Hi everyone,
I am currently working on training an autonomous decision-making satellite constellation using PPO with up to 86400 simulation steps (1 step per second). Despite using powerful hardware, including 4 NVIDIA A100 GPUs and 11 CPUs, the training process is still very slow. Here’s a summary of my setup and configurations:
Software and Library Versions:
-
Container Base: NVIDIA PyTorch 22.09 py3
-
Libraries:
numpy==1.23.5
gymnasium==0.28.1
matplotlib==3.7.1
pandas==1.5.3
ray==2.10.0
ray[tune]==2.10.0
typer==0.7.0
dm_tree
tree
scikit-image
lz4
gputil==1.4.0
pyarrow
Environment Configuration:
- num_targets: 10
- num_observers: 10
- time_step: 1 second
- duration: 86400seconds - 24 hours
Training Configuration:
- batch_mode: “complete_episodes”
- rollout_fragment_length: “auto”
- num_rollout_workers: 10
- num_envs_per_worker: 1
- num_cpus_per_worker: 1
- num_gpus_per_worker: 0
- num_learner_workers: 4
- num_cpus_per_learner_worker: 1
- num_gpus_per_learner_worker: 1
Search Space Configuration:
- fcnet_hiddens: [[64, 64], [128, 128], [256, 256], [64, 64, 64]]
- num_sgd_iter: [10, 30, 50]
- lr: [1e-5, 1e-3]
- gamma: [0.9, 0.99]
- lambda: [0.9, 1.0]
- train_batch_size: [512, 1024, 2048, 4096]
- sgd_minibatch_size: [32, 64, 128, 512]
The training process is extremely slow, with a single iteration not completed in 1 hour (hyperparameter search with 30 samples, 20 iterations will take over a month). I expected faster training with 4 A100 GPUs. Here are a few things I tried and observed:
- Most of the time is taken by training, not environment simulation. With 10 rollout workers, 1 env per worker and 1 CPU per worker it takes around 5 mins to simulate the environments.
- I tried truncated episodes, but if the simulation does not finish, it does not get any rewards (although it does in reality, but it is some config), so to choose the best sample is not feasible
- Increasing the number of CPUs per worker to 7 (70 CPUs) actually slowed down the process, taking 15 minutes or so to do the simulations.

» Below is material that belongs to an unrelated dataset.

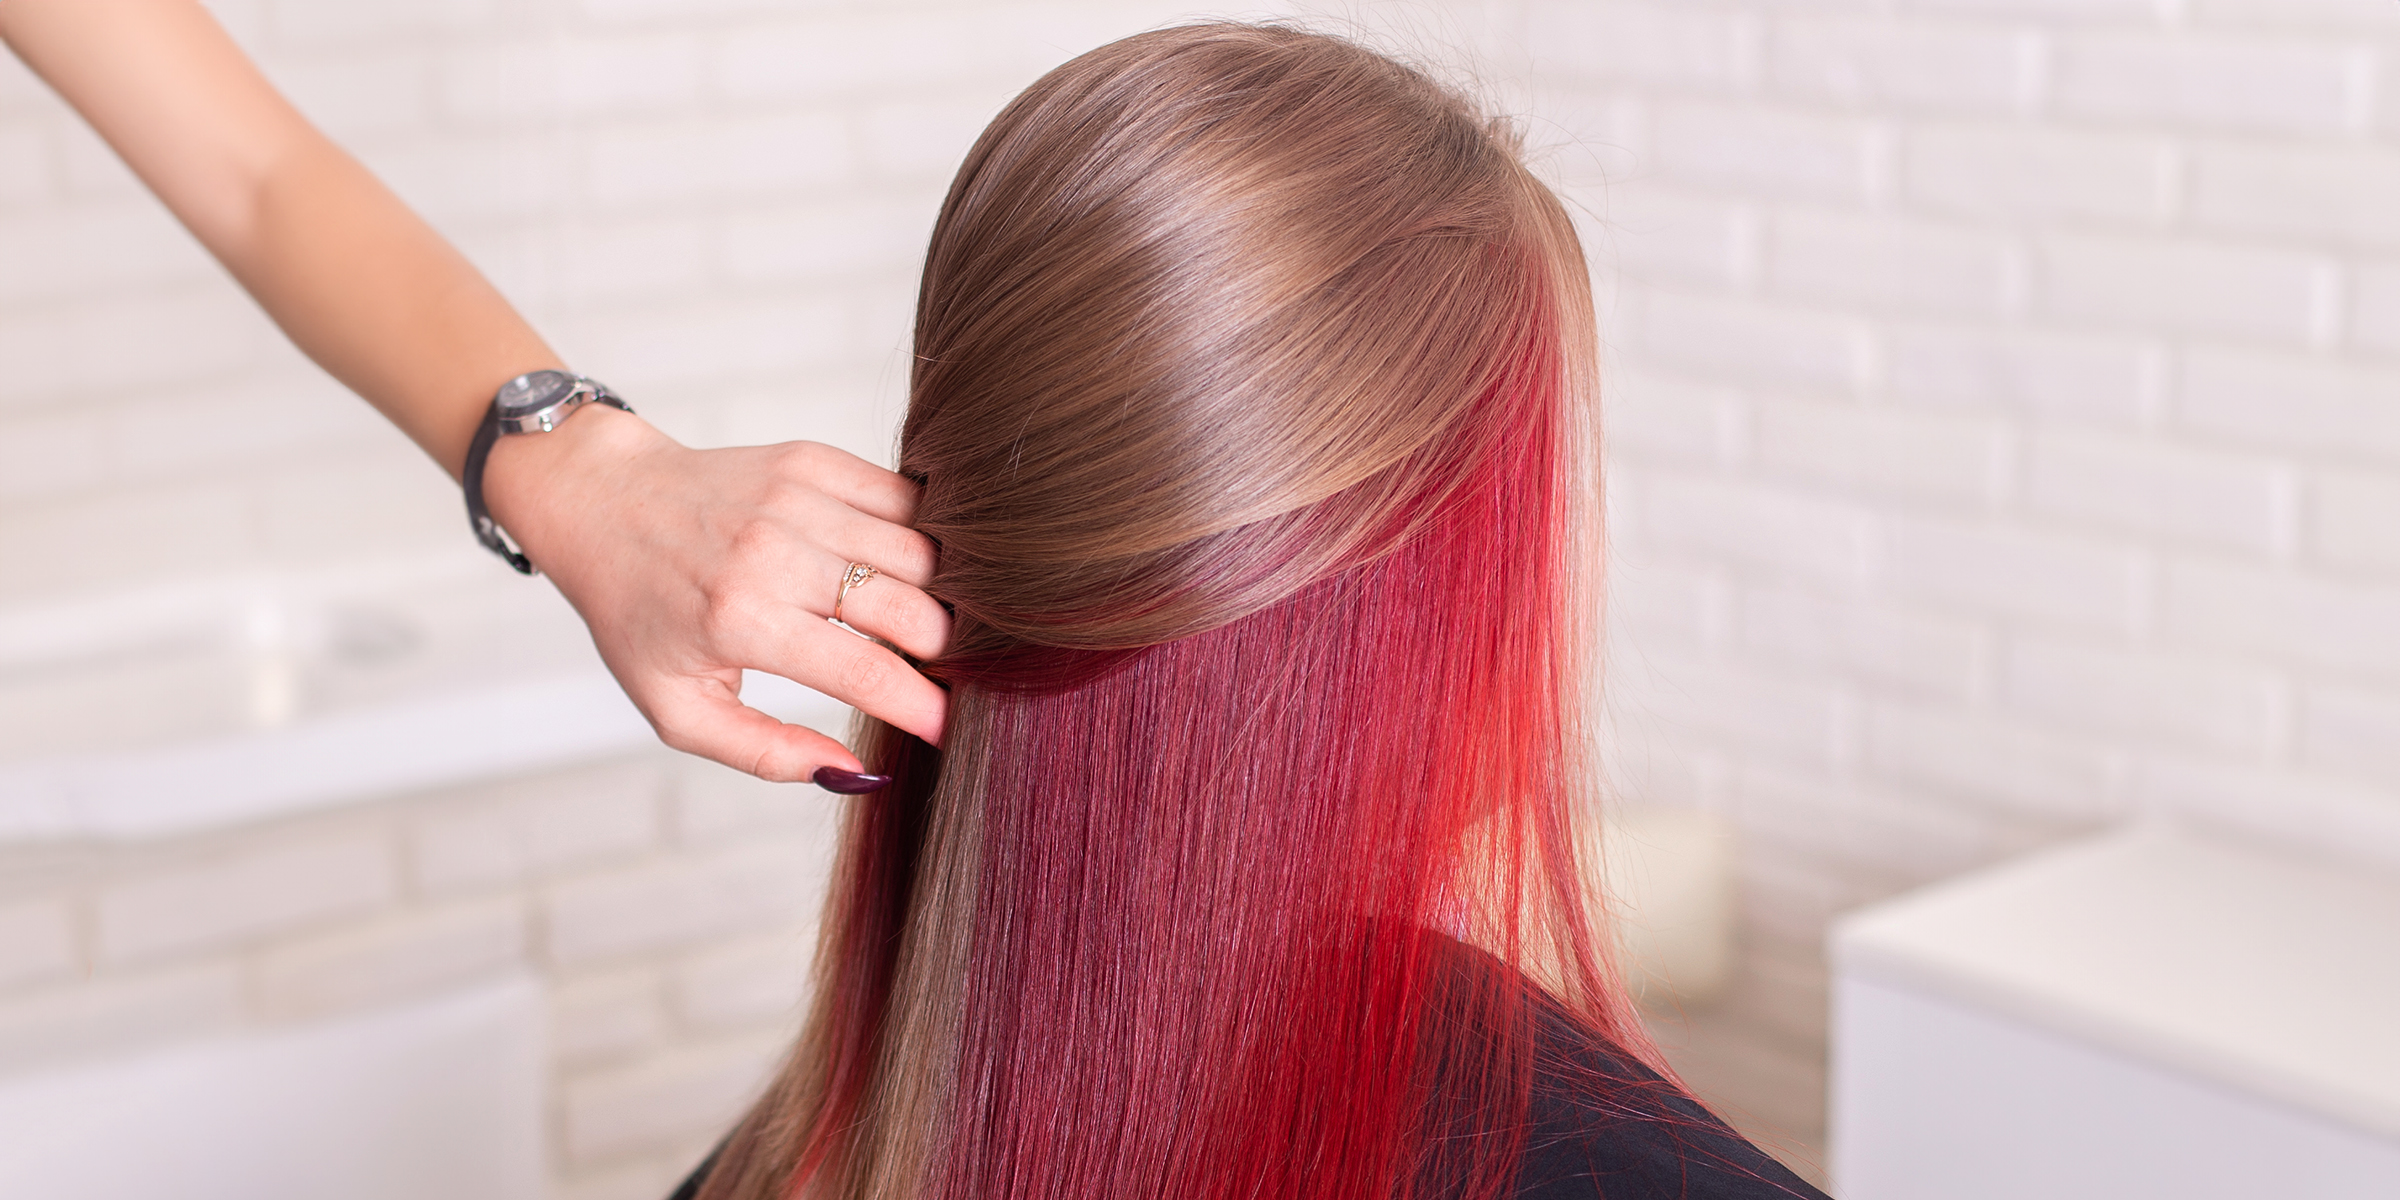 Brown hair with red underlights | Source: Shutterstock
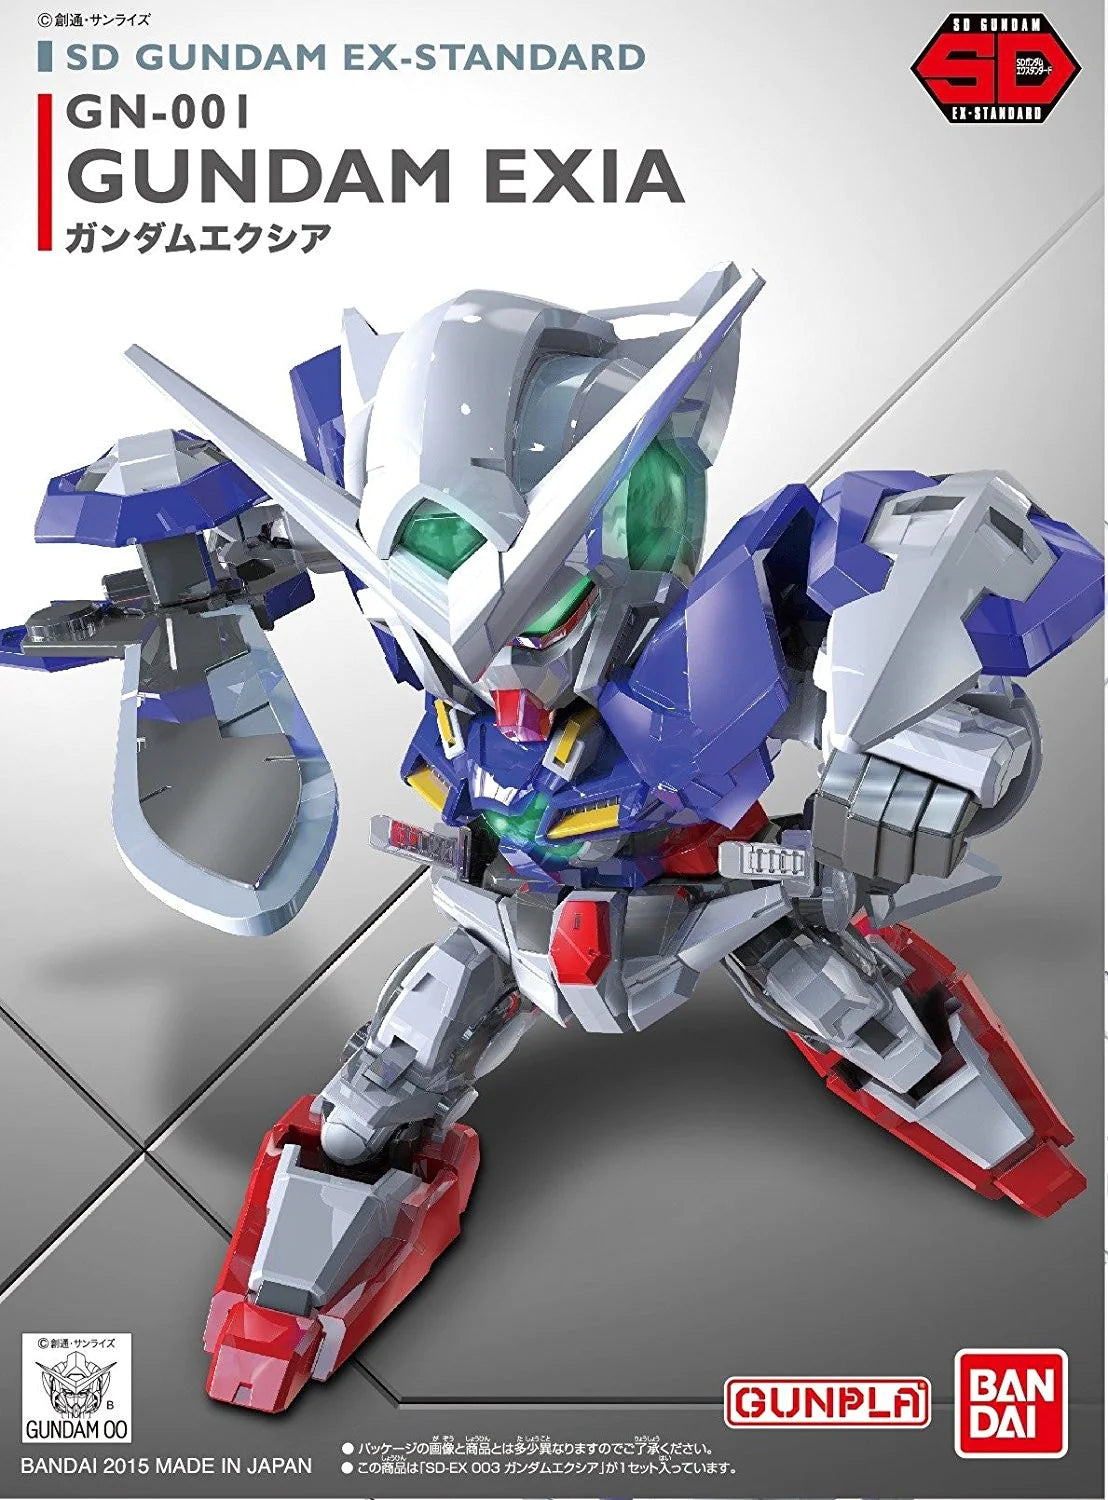 BANDAI 5057599 003 Gundam Exia "Gundam 00", Bandai SD EX-Standard

- I could train on my MacBook Pro M2 (like 20 iterations or so) and also on the NVIDIA Jetson AGX Orin, but of course each iteration was around 90 mins and of course they had smaller batch sizes and adapted parameters. Therefore I would expect a faster training with the new hardware.

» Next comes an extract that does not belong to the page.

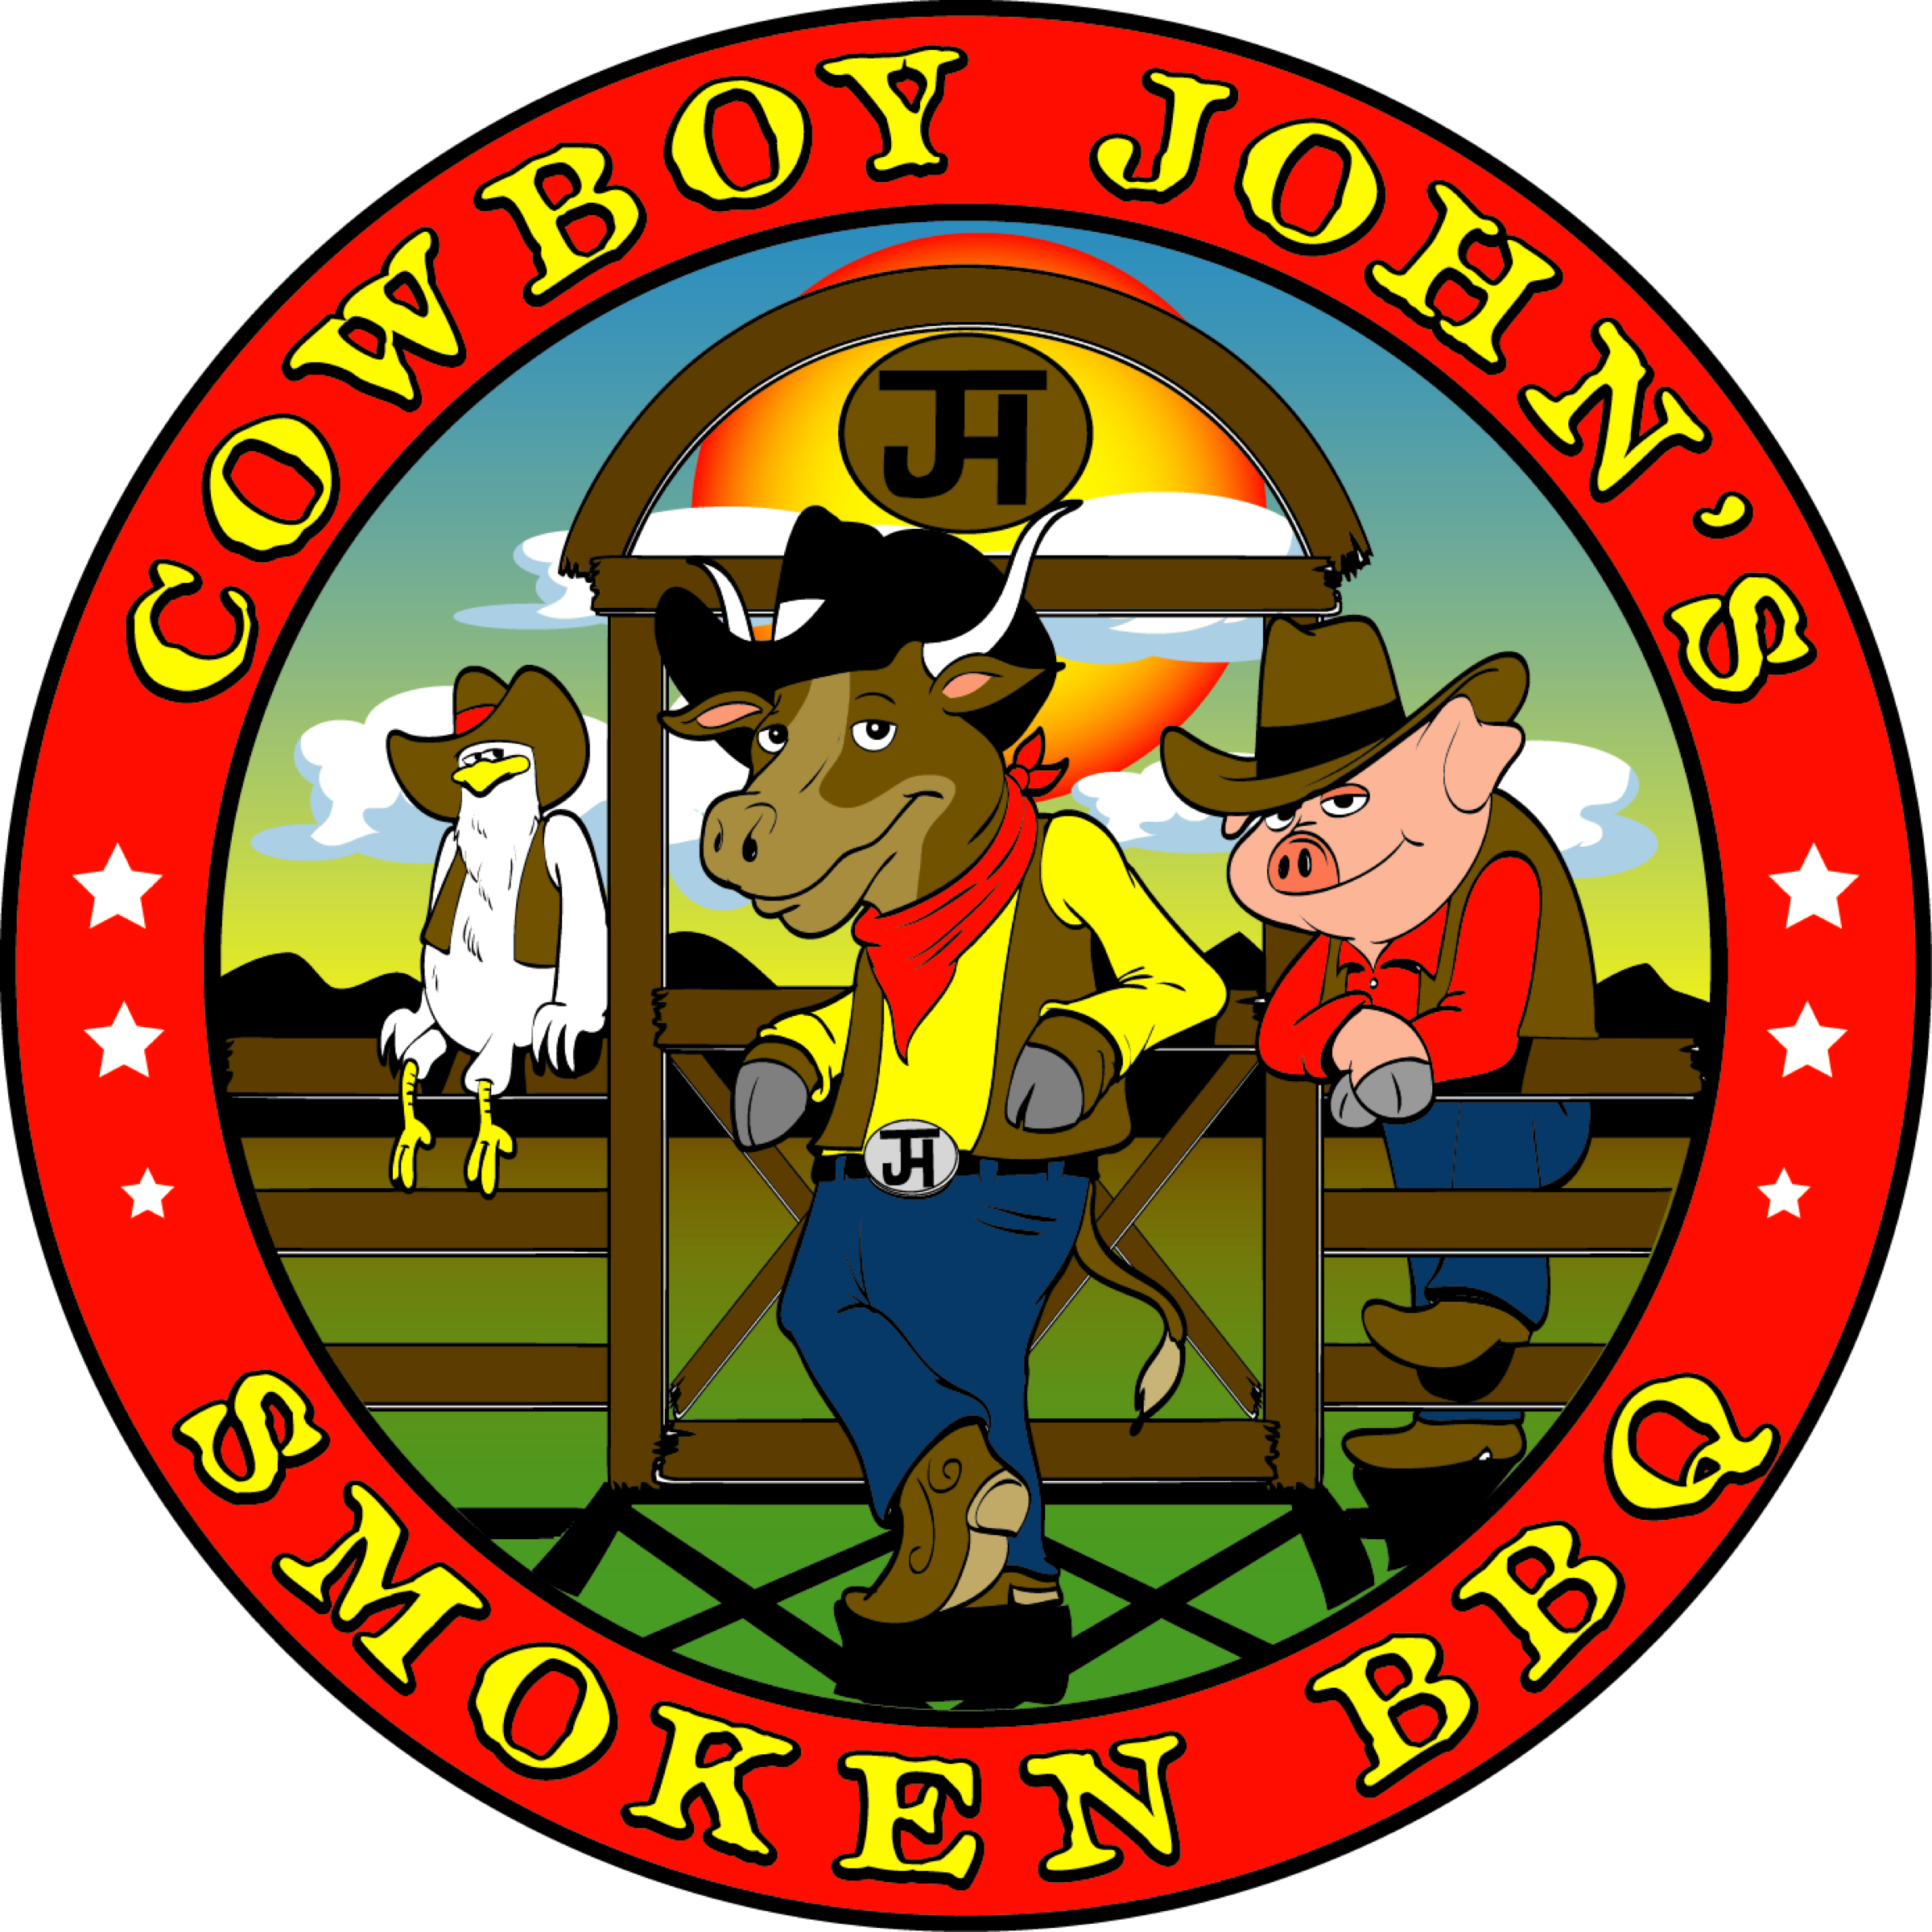 Cowboy Johns Smokin Bbq (2400x2400)

- I do not fully understand this part from the example below: 0.0/1.0 accelerator_type:A100
Here you have an example:
Trial status: 1 RUNNING | 3 PENDING
Current time: 2024-06-25 10:33:42. Total running time: 1hr 1min 6s
Logical resource usage: 11.0/80 CPUs, 4.0/4 GPUs (0.0/1.0 accelerator_type:A100)
╭────────────────────────────────────────────────────────────────────────────────────────────────────────────────────────────────────────────────────────────────╮
│ Trial name status gamma lr train_batch_size sgd_minibatch_size num_sgd_iter lambda model/fcnet_hiddens │
├────────────────────────────────────────────────────────────────────────────────────────────────────────────────────────────────────────────────────────────────┤
│ PPO_FSS_env-v0_17a5c_00000 RUNNING 0.928133 1.38519e-05 2048 128 30 0.905579 [128, 128] │
│ PPO_FSS_env-v0_17a5c_00001 PENDING 0.972168 8.7419e-05 1024 128 10 0.957066 [256, 256] │
│ PPO_FSS_env-v0_17a5c_00002 PENDING 0.906353 2.12536e-05 2048 512 50 0.968513 [64, 64] │
│ PPO_FSS_env-v0_17a5c_00003 PENDING 0.948159 0.000202029 512 64 30 0.997584 [64, 64] │
╰────────────────────────────────────────────────────────────────────────────────────────────────────────────────────────────────────────────────────────────────╯
Any suggestions or insights on further optimizing the training process would be greatly appreciated!